XSP_CLI/Interface/Http/SSLCommonSettings/ClientAuthentication/WebApps> add 192.0.2.7 443 AuthenticationService true

The example command adds the AuthenticationService application to 192.0.2.7:443 and requires it to request and authenticate certificates from the client.

Check with get:

XSP_CLI/Interface/Http/SSLCommonSettings/ClientAuthentication/WebApps> get

Interface Ip Port Application Name Client Auth Req
         ===================================================
         192.0.2.7 443 AuthenticationService      true          

Additional Certificate Requirements for Mutual TLS Authentication against AuthService

Cisco Webex interacts with the Authentication Service over a mutual TLS authenticated connection. This means Webex presents a client certificate and the XSP must validate it. In order to trust this certificate, use the Webex CA certificate chain to create a trust anchor on XSP (or proxy). The certificate chain is available for download via Partner Hub:

  1. Go to Settings > BroadWorks Calling.

  2. Click the download certificate link.


You can also get the certificate chain from https://bwks-uap.webex.com/assets/public/CombinedCertChain.txt.

The exact requirements for deploying this Webex CA certificate chain depends on how your public facing XSPs are deployed:

  • Via a TLS bridging proxy

  • Via a TLS pass-through proxy

  • Directly to the XSP

The following diagram summarizes where the Webex CA certificate chain must be deployed in these three cases.
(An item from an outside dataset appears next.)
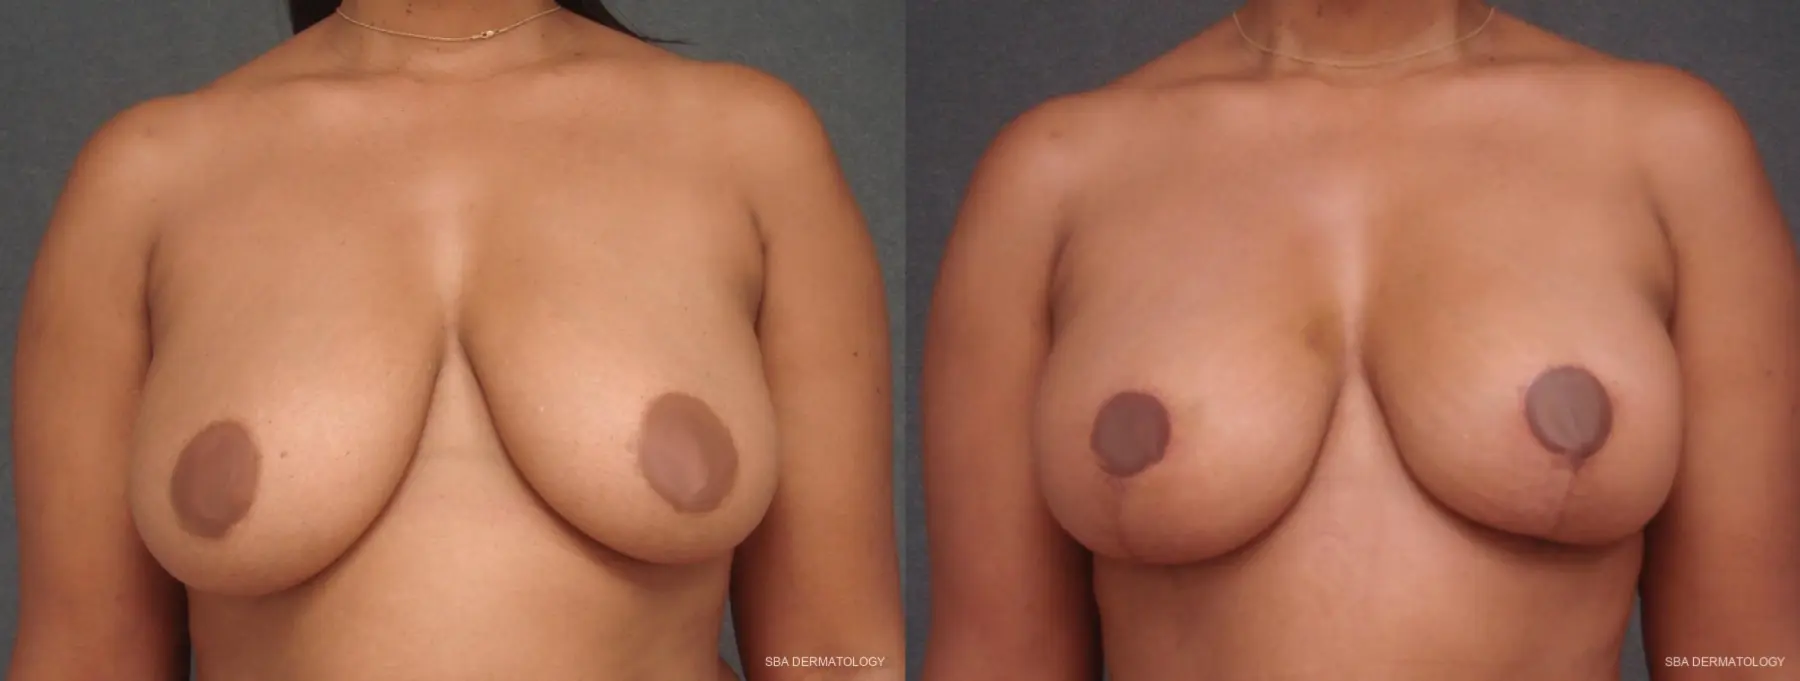 Breast Lift: Patient 1 - Before and After 1

Mutual TLS Certificate Requirements for TLS-bridge Proxy

  • Webex presents a Webex CA signed client certificate to the proxy.
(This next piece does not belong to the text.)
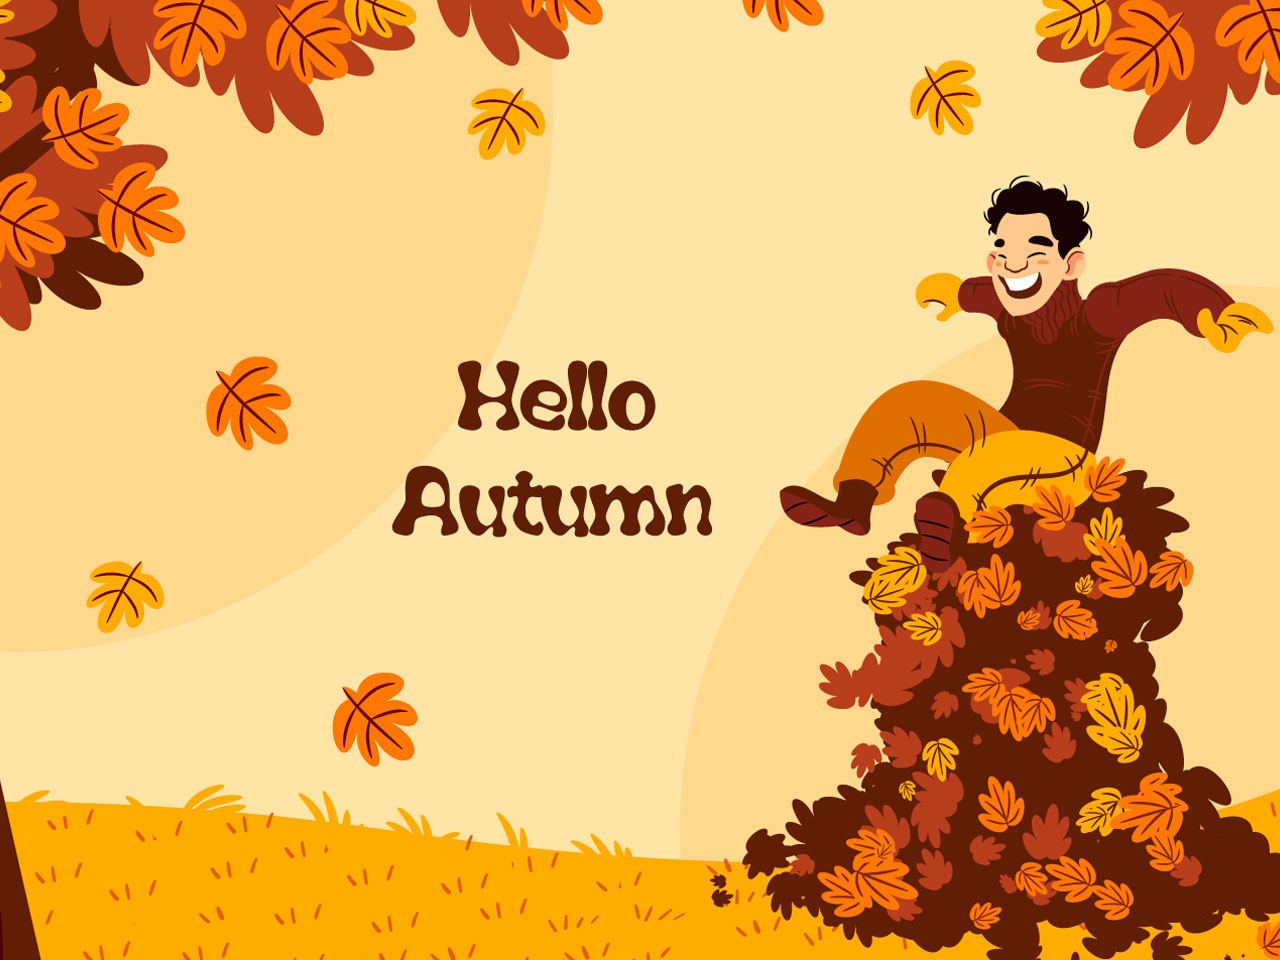 Hi clipart hand drawn flat autumn background hand drawing sketch

  • The Webex CA certificate chain is deployed on the proxy trust store, so the proxy trusts the client certificate.

  • The publicly signed XSP server certificate is also loaded into the proxy.

  • The proxy presents a publicly signed server certificate to Webex.
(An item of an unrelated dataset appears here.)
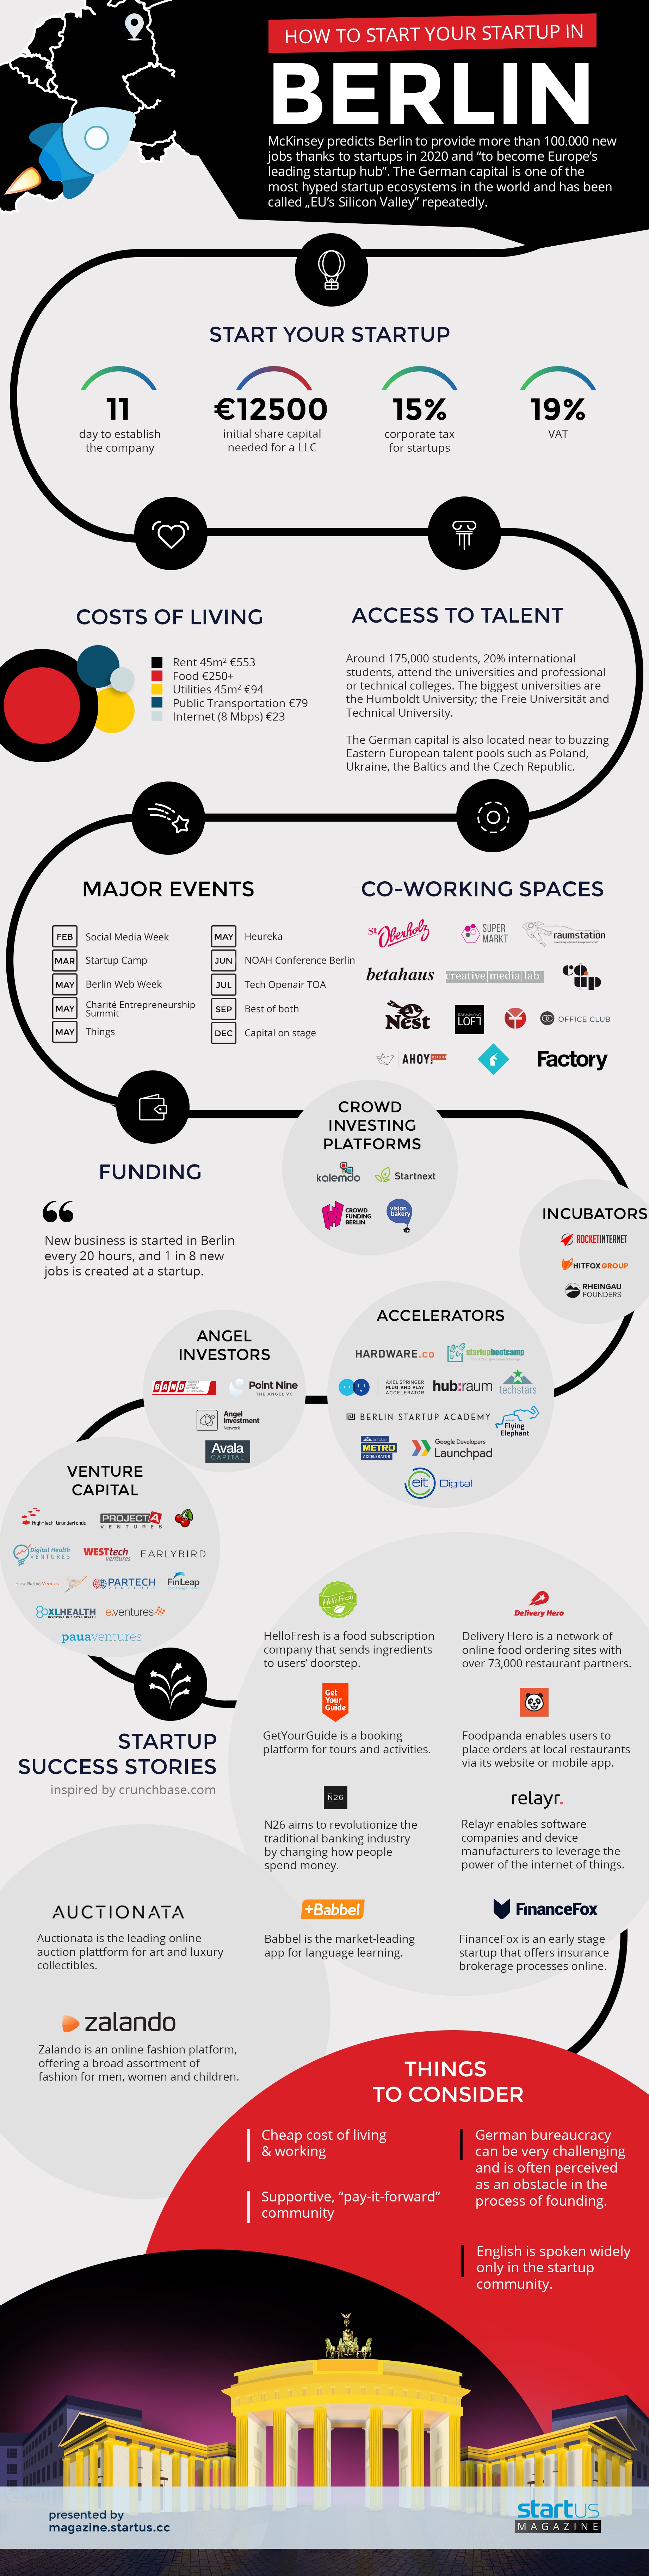 Infographic: How To Start Your Startup In Berlin

  • Webex trusts the public CA that signed the proxy’s server certificate.

  • The proxy presents an internally signed client certificate to the XSPs.

    This certificate must have the x509.v3 extension field Extended Key Usage populated with the BroadWorks OID 1.3.6.1.4.1.6431.1.1.8.2.1.3 and the TLS clientAuth purpose. E.g.:

    X509v3 extensions:

    X509v3 Extended Key Usage:

    1.3.6.1.4.1.6431.1.1.8.2.1.3, TLS Web Client
                  Authentication 

    When generating internal client certificates for the proxy, note that SAN certificates are not supported. Internal server certificates for the XSP can be SAN.

  • The XSPs trust the internal CA.

  • The XSPs present an internally signed server certificate.

  • The proxy trusts the internal CA.

Mutual TLS Certificate Requirements for TLS-passthrough Proxy or XSP in DMZ

  • Webex presents a Webex CA signed client certificate to the XSPs.

  • The Webex CA certificate chain is deployed on the XSPs’ trust store, so the XSPs trust the client certificate.

  • The publicly signed XSP server certificate is also loaded into the XSPs.

  • The XSPs present publicly signed server certificates to Webex.

  • Webex trusts the public CA that signed the XSPs’ server certificates.